What advice can you give to parents whose children show signs of non-conformity with their gender?

Psychological specialists indicate that it is necessary for parents of transsexual children to broaden and make more flexible the idea they have about sexual and gender diversity. I would ask them to please be patient, as it is not an easy process for both parties to assimilate or assume, it is not a matter of choice. I would tell them to listen to what their children want to tell them, to understand them, to give them affection, to let them know that they can count on them. A patient one day said to me, “If my family understands me, respects me and gives me love, I will be able to handle anything that comes my way.”

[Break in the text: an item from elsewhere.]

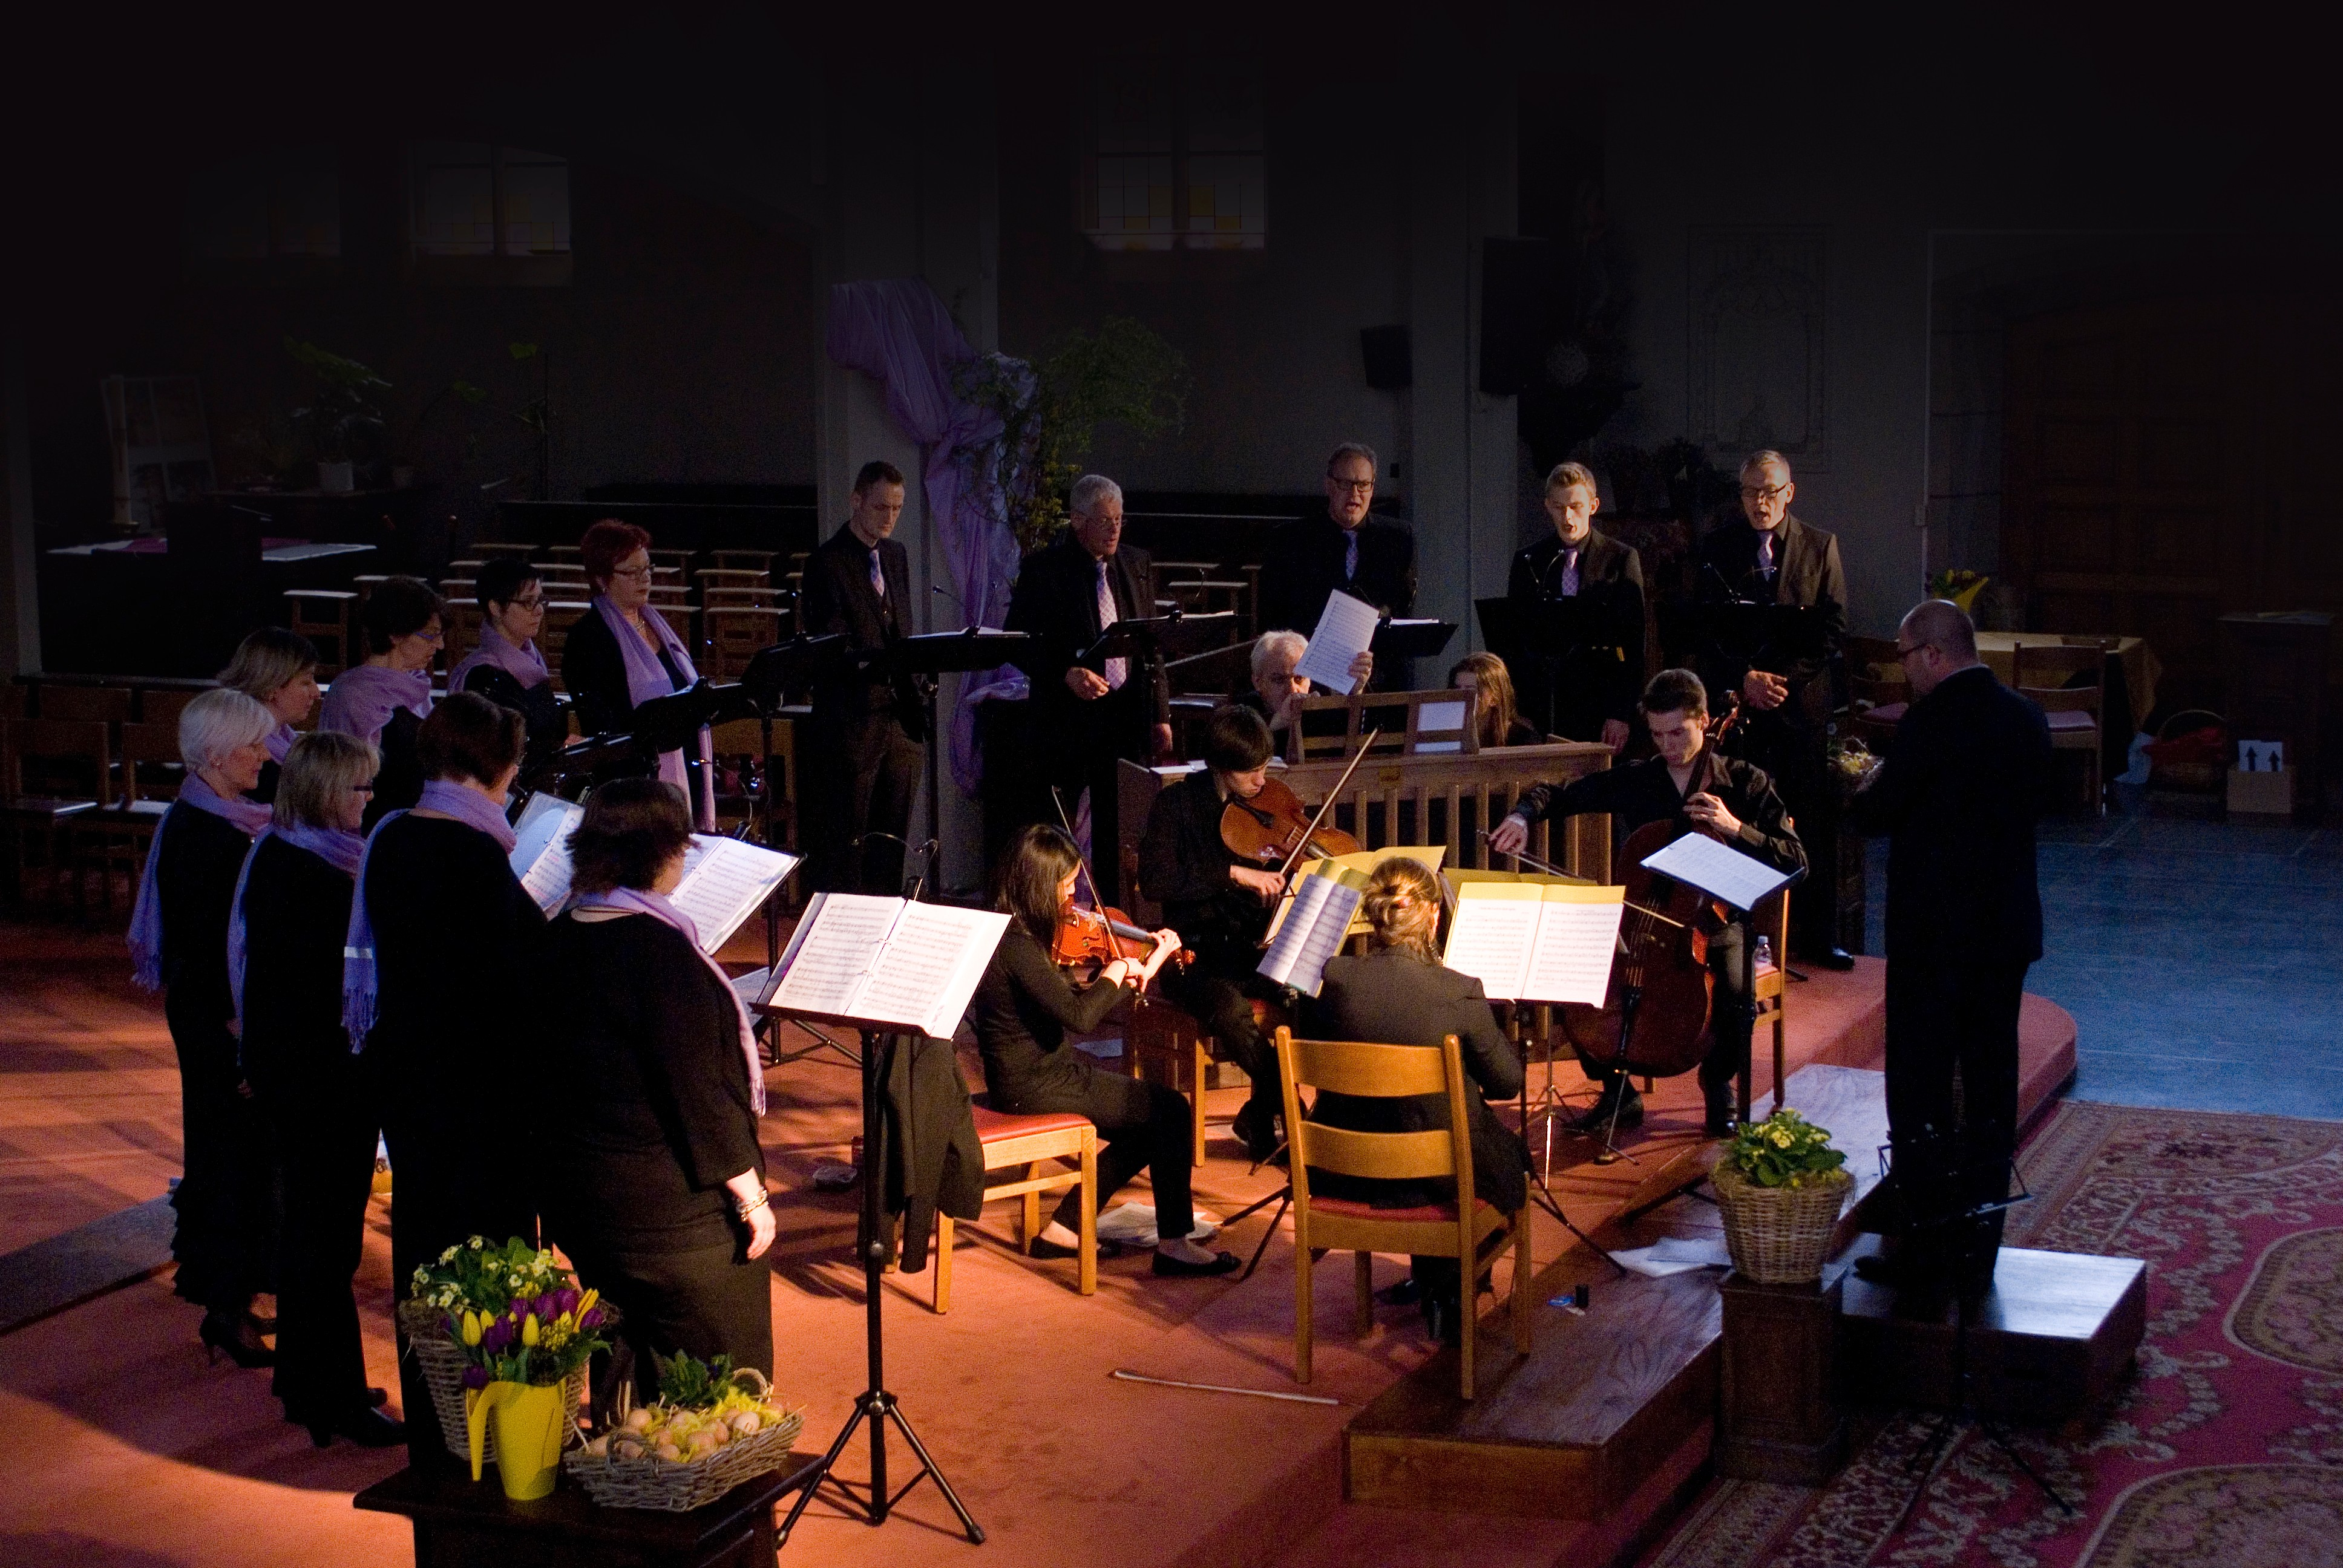 Vocarde zingt vol Passie tot Pasen - 6 april 2014

What are some of the biggest psychological challenges that transgender people face?

The main challenges are dysphoria, associated comorbidity and quality of life.

In terms of comorbidity, we can find patients with:

  • High anxiety
  • Depressive states
  • Difficulties of adaptation in the environment and with the family.

Why do these cases of discrimination against this group occur and how can they be explained?

We are talking about that in 2005 they passed the law that allowed people of the same sex to marry, and in 2018 transsexuality ceased to be considered a mental disorder. The great ignorance and the “fear” of the unknown or the possibility of believing that it is a choice, lead the rest of people to consider it as a subject subject subject to discrimination. It all starts from ignorance.